According to a press release issued by Bright Data last week, because markets and society function best when public data is accessible to the public, these systems would start breaking down with a Meta victory.
At the same time, the information transparency that helps drive market competition, advance research and assist life-saving organizations would dry up, the release said.
Lenchner sought to expand on it.
“If e-commerce platforms don’t have the data that allows them to know how their competition is doing, they won’t know how to respond to be more attractive to their potential customers. Without transparency, there will be no competition and prices will go up.
“That’s just on the hardcore commercial side; you’ll also be causing a detrimental effect on the NGOs I spoke of earlier, and the over 220 universities who contract with us to collect data for research. I can go on and on and on.
“This is nothing less than a tech war. Most companies can’t fight Meta. This is not okay. The world won’t operate without access to data. It’s not okay to try and use their money and thousands of lawyers to try and shut down access to data,” Lenchner said.
“If we lose, then the tech giants will just gain more power, we will lose transparency, and the only ones who will win are those who are making a lot of money on our backs. And by ‘our,’ I mean, you and I and everyone else who is, you know, an internet citizen.”
Despite his dire warning, Bright Data’s CEO said he’s confident that “eventually, we will get a ruling that says the public information is public, and that it’s not public information when a tech giant has the ability to decide what’s public information and what’s not.”
“And that will be a win not just for me, that’ll be a win for everyone,” Lenchner said.
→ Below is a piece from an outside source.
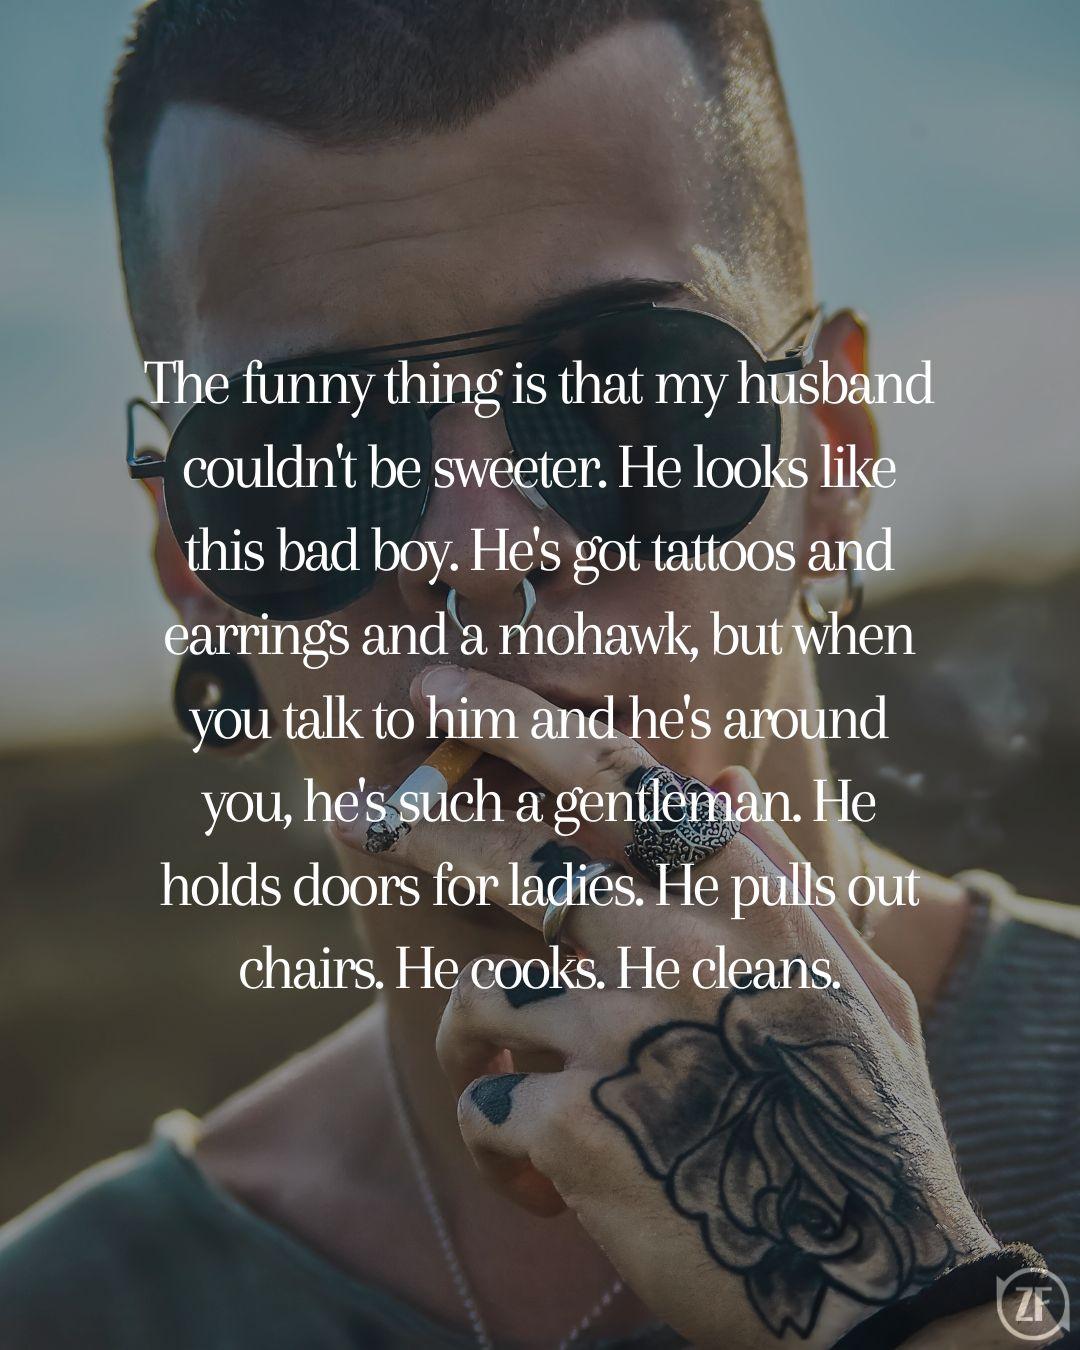 The funny thing is that my husband couldn't be sweeter. He looks like this bad boy. He's got tattoos and earrings and a mohawk, but when you talk to him and he's around you, he's such a gentleman. He holds doors for ladies. He pulls out chairs. He cooks. He cleans.

The Well News reached out to Meta for comment. This article will be updated with their response.
Dan can be reached at firstname.lastname@example.org and at https://twitter.com/DanMcCue
This story has been updated to clarify a quote attributed to Or Lenchner on Bright Data's conversation with Meta over the scraping of Meta's websites. Meta had no objections to Bright Data scraping sites generally. It requested that Bright Data stop scraping its websites.